= What this task involves =
Copy out the listing in full, exactly as written, but not its pictures.

= Stored data =
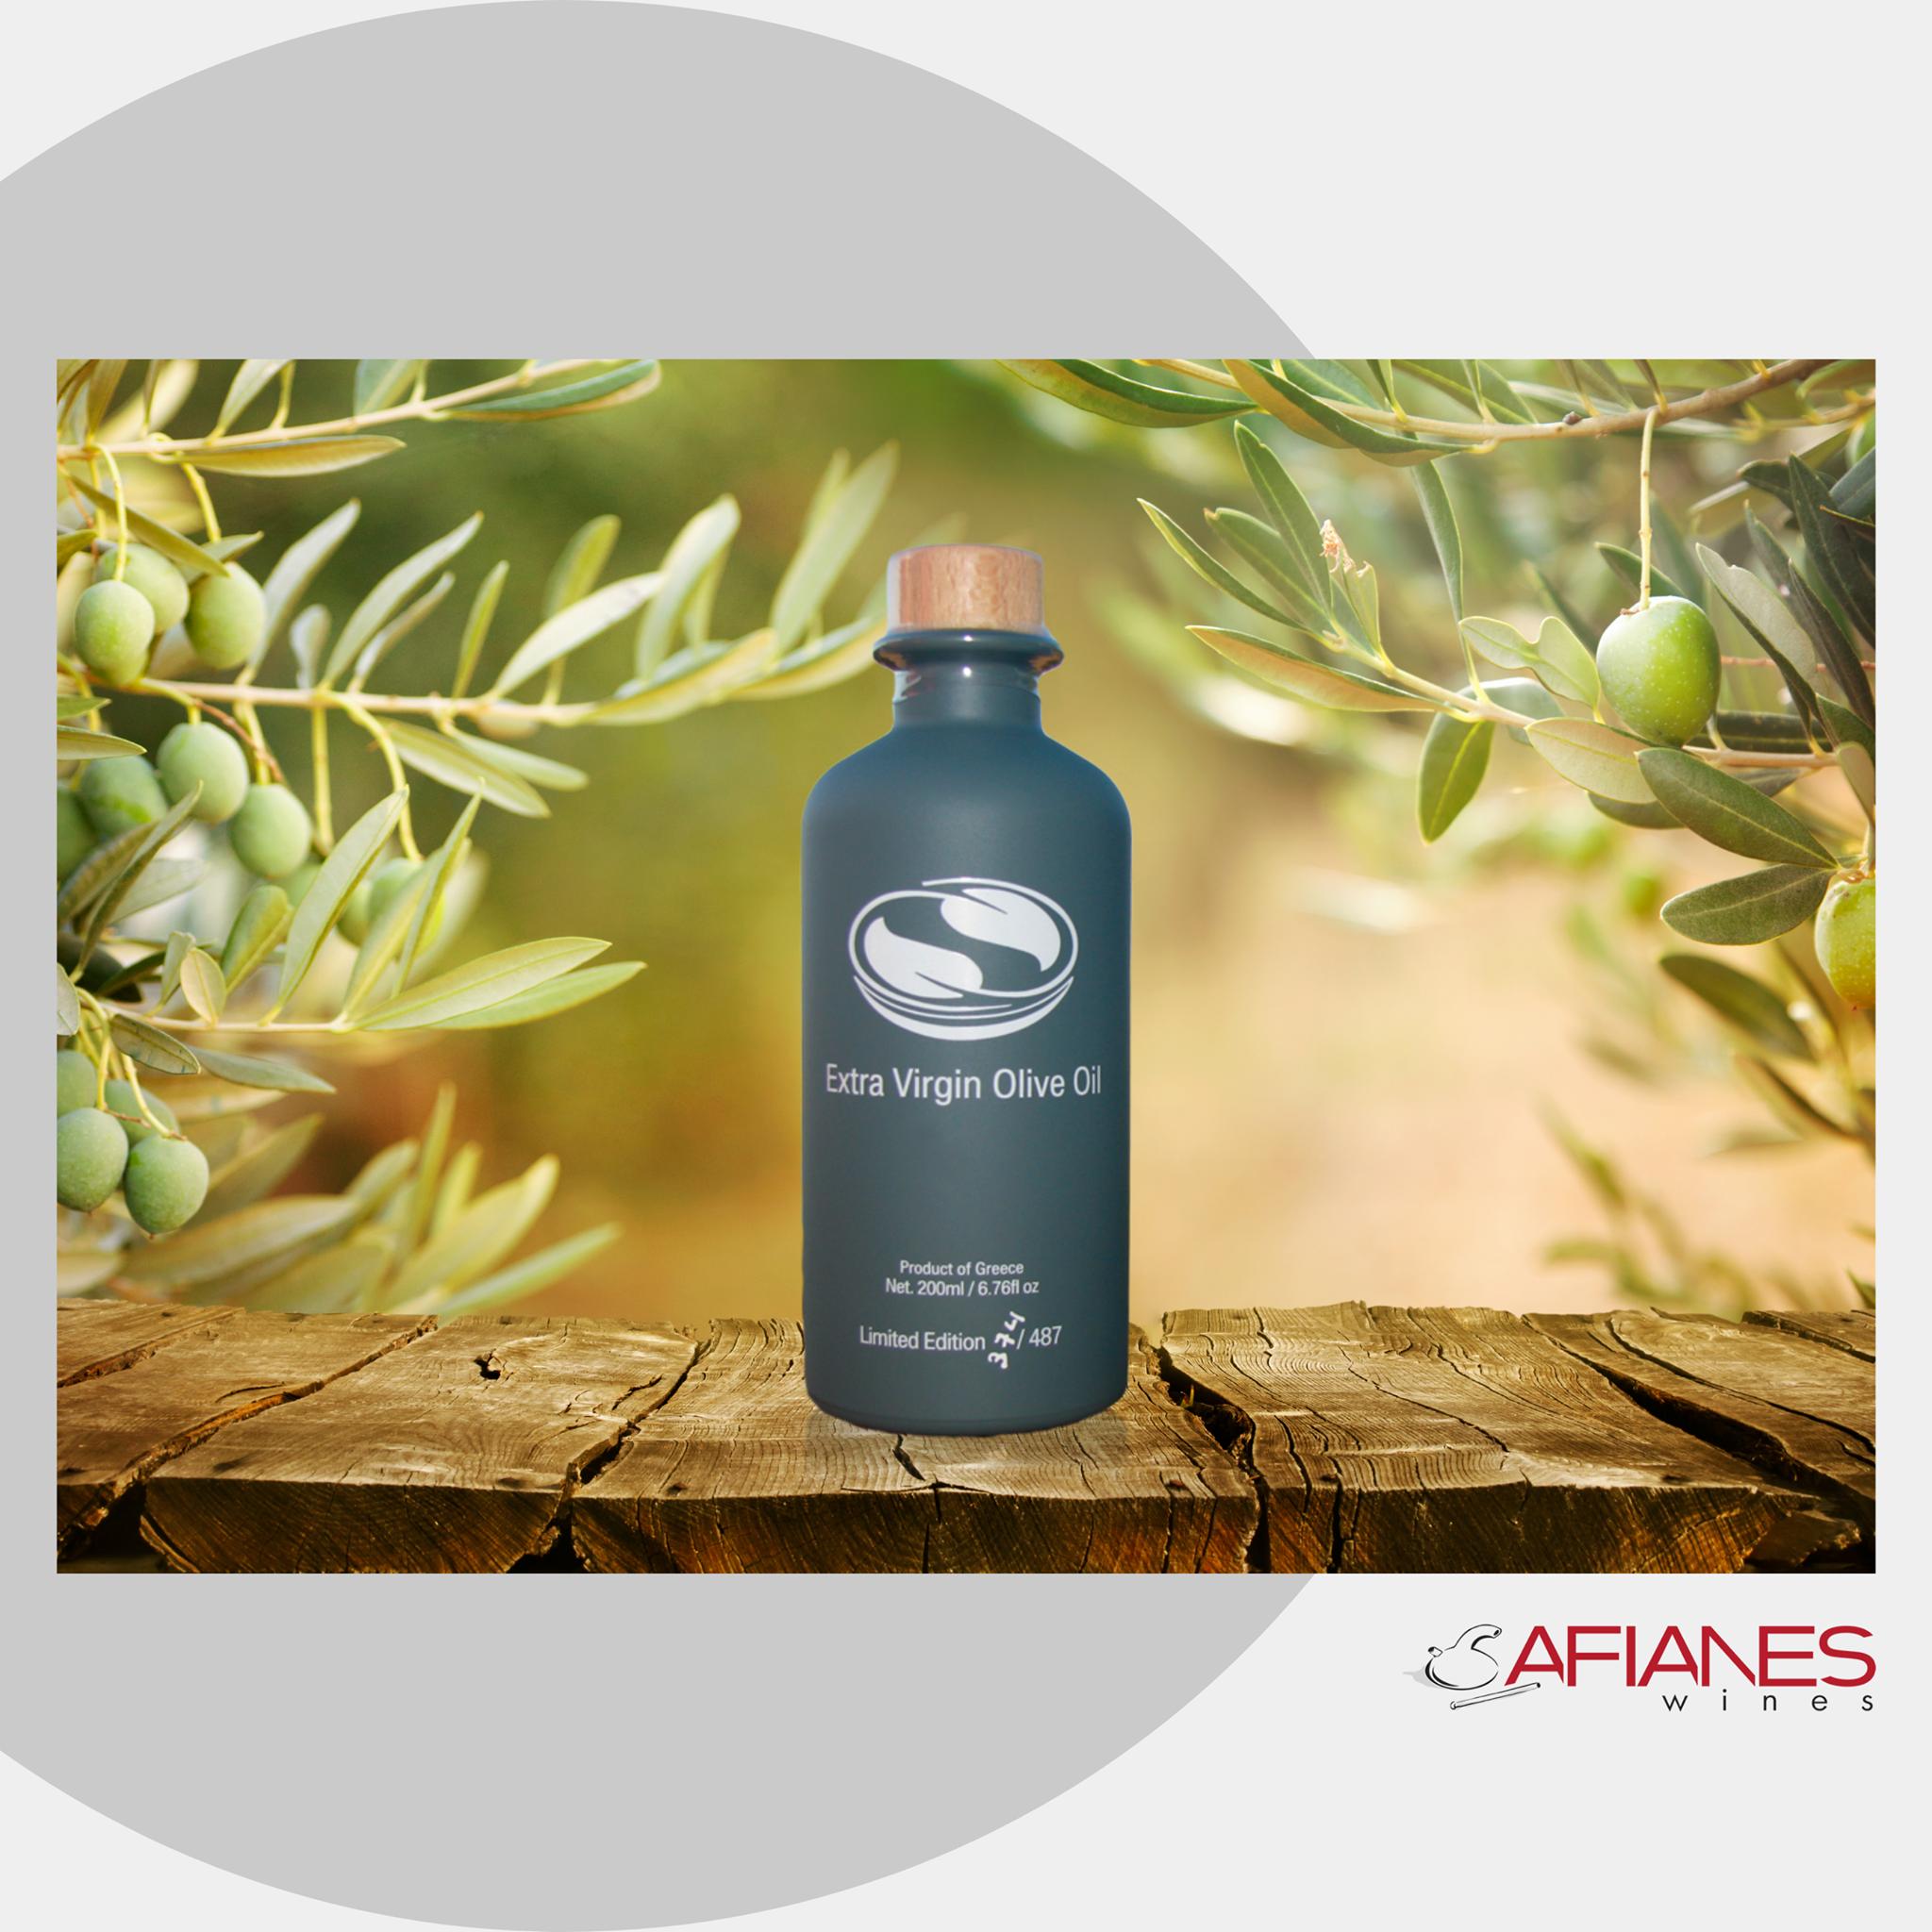 Νέο προιόν – Εxtra Virgin olive oil by Afianes
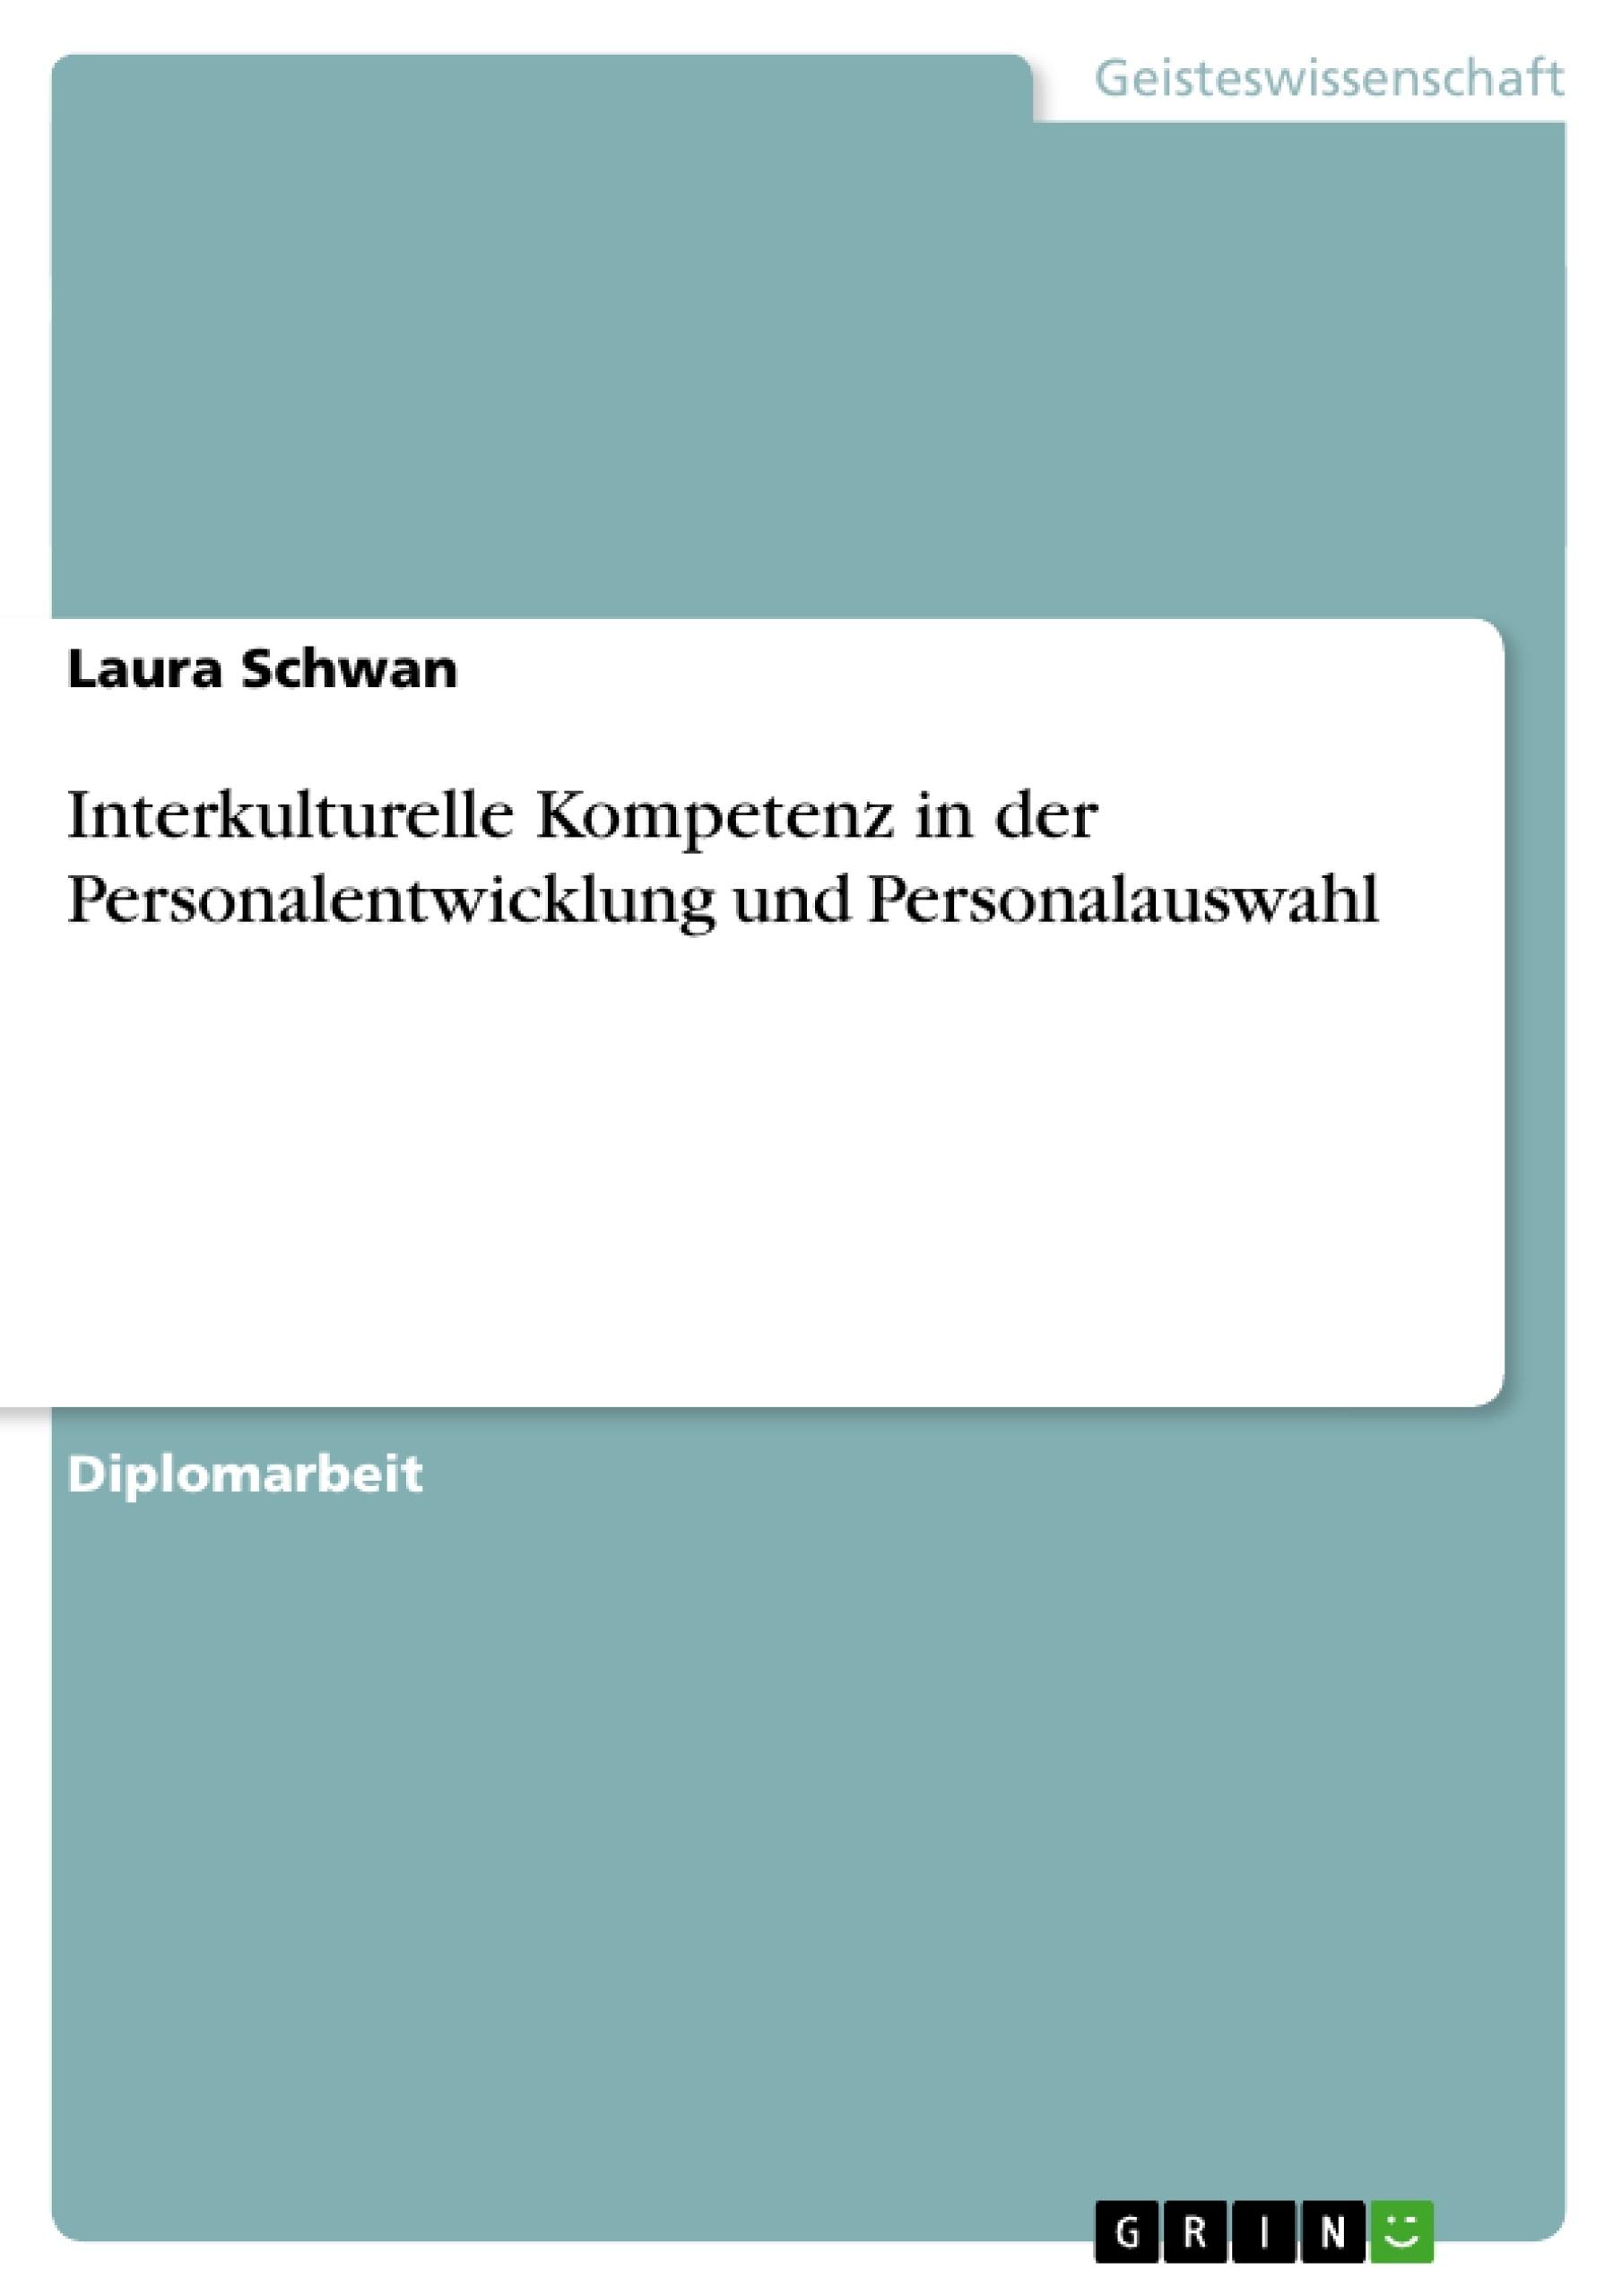 Titel: Interkulturelle Kompetenz in der Personalentwicklung und Personalauswahl
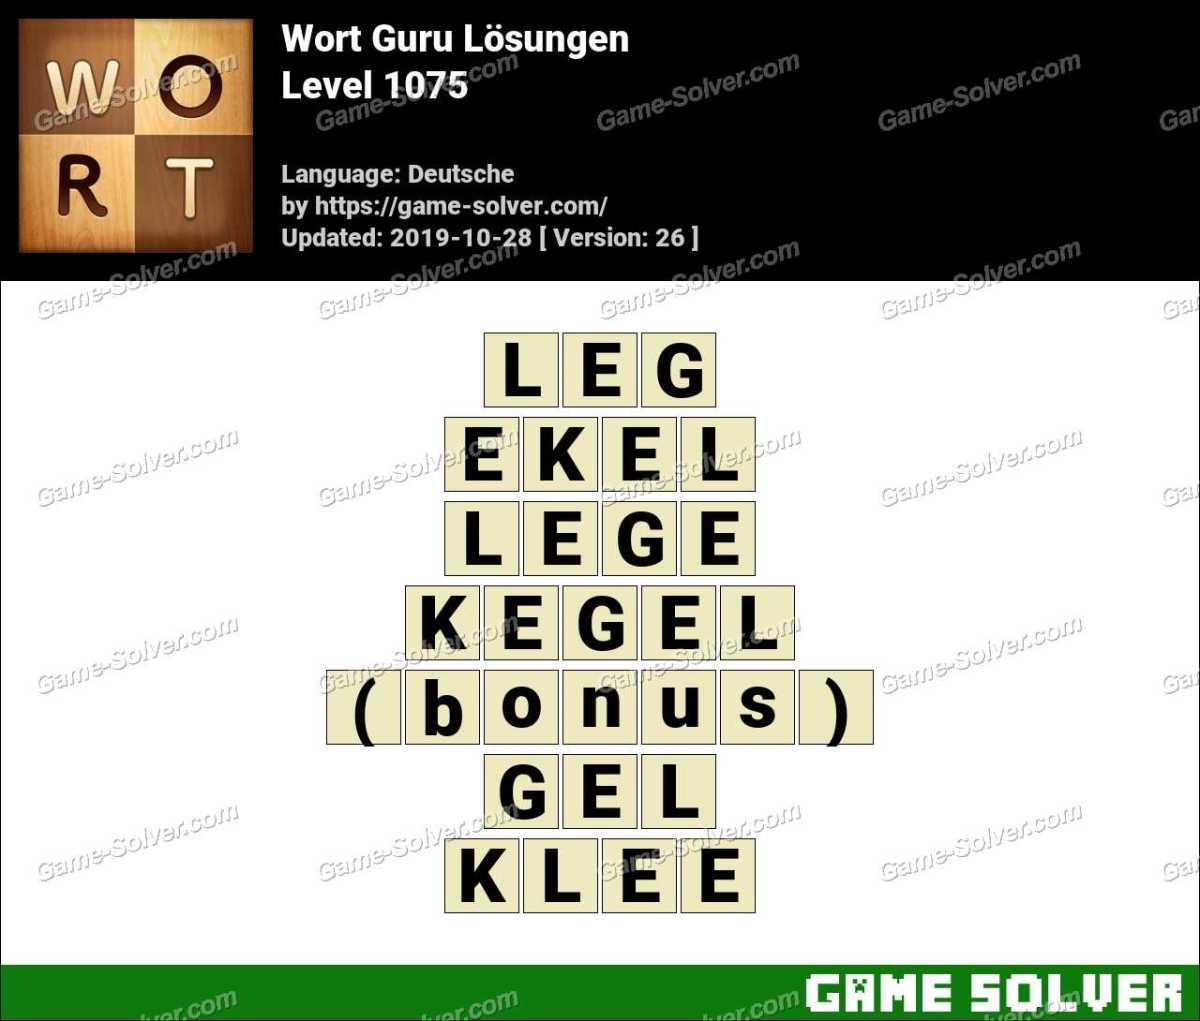 Wort Guru Level 1075 Lösungen

= Result of this task =
 Νέο προιόν – Εxtra Virgin olive oil by Afianes
 Titel: Interkulturelle Kompetenz in der Personalentwicklung und Personalauswahl
 Wort Guru Level 1075 Lösungen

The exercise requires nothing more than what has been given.